We aimed to evaluate the relative contribution of susceptibility weighted imaging (SWI) in the detection of common bile-duct (CBD) stones in comparison to the conventional MRI protocol containing magnetic resonance cholangiopancreatography (MRCP), balanced turbo field echo (BTFE), and T2-weighted spin-echo imaging techniques.

METHODS

MRI data containing MRCP, BTFE, T2-weighted imaging, and abdominal SWI were independently evaluated by 2 sets of experienced radiologists in 44 patients with confirmed CBD stones. Endoscopic retrograde cholangiopancreatography, and endoscopic ultrasound where available, was used as the reference gold standard. Evaluation was performed for the visualization of CBD stones in each of the MRI techniques.

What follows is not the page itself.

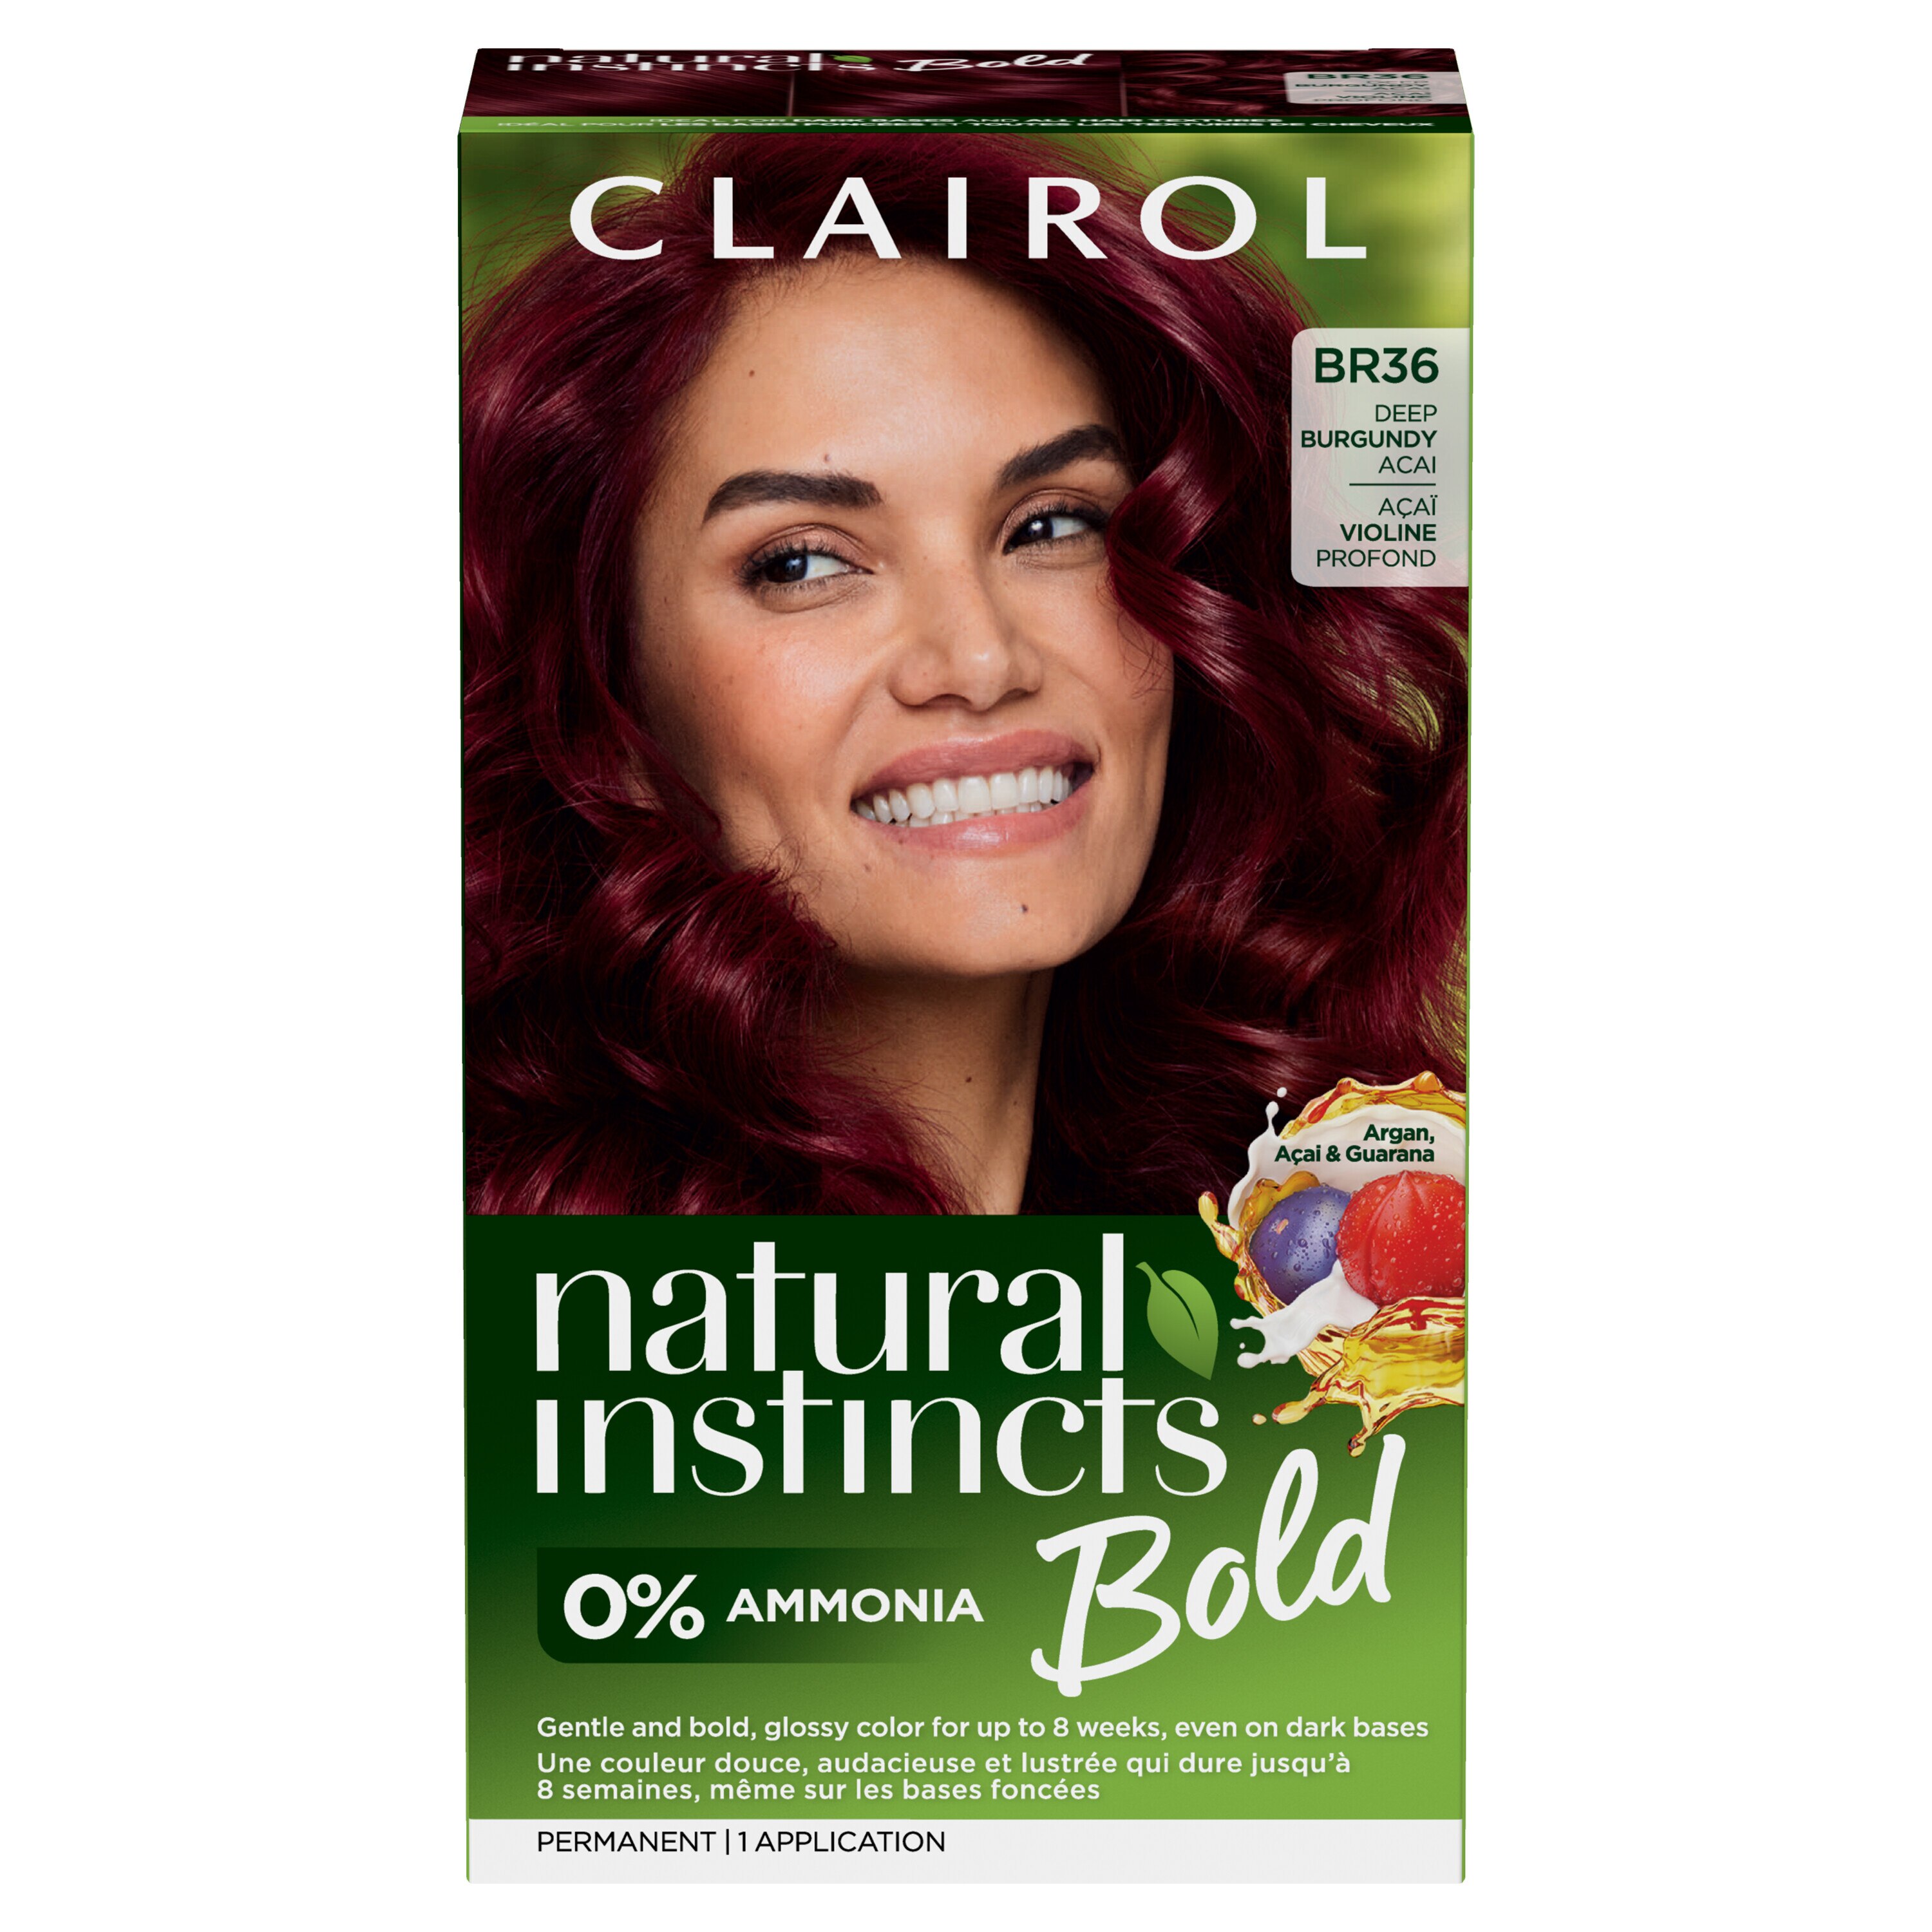 Clairol Natural Instincts Bold Permanent Hair Color, BR36 Deep Burgundy Acai , CVS

Relative contribution of SWI was classified into one of four categories for each case: (1) no contribution to CBD stone visualization; (2) same as conventional techniques; (3) improved diagnostic confidence; and (4) critical for diagnosis. Stone size was also assessed.

RESULTS

Inter-rater agreement coefficient for CBD stone visualization was found to be “good” in MRCP (0.77), “very good” in SWI (0.94) and BTFE (0.84), and moderate in T2-weighted imaging (0.54). CBD stones were visualized with SWI in 86.4% and 82%, with MRCP in 70.5% and 70.5% cases, with BTFE in 73% and 61.4% cases, with T2-weighted imaging in 45.5% and 52.3% cases by reviewers 1 and 2, respectively. SWI did not contribute to CBD stone visualization in 2.3% (1/44); was the same as conventional techniques in 31.8% (14/44) cases; improved diagnostic confidence in 34.1%; and was critical for diagnosis in 20.5% cases.

CONCLUSION

SWI has the potential to serve as a strong adjunct to conventional MRI protocols used for CBD stone evaluation with very small scan-time penalty.

Keywords:

Main points

• Susceptibility signature of the common bile duct stones can be visualized in magnitude and/or phase data of susceptibility weighted MRI in most cases.

• Phase signature of the common bile duct stones can be dia- or paramagnetic or mixed phase.

• Susceptibility signature could provide improved diagnostic confidence in common bile duct (CBD) stone detection, as an adjunct to conventional MRI protocol for CBD stone imaging, especially for small stones.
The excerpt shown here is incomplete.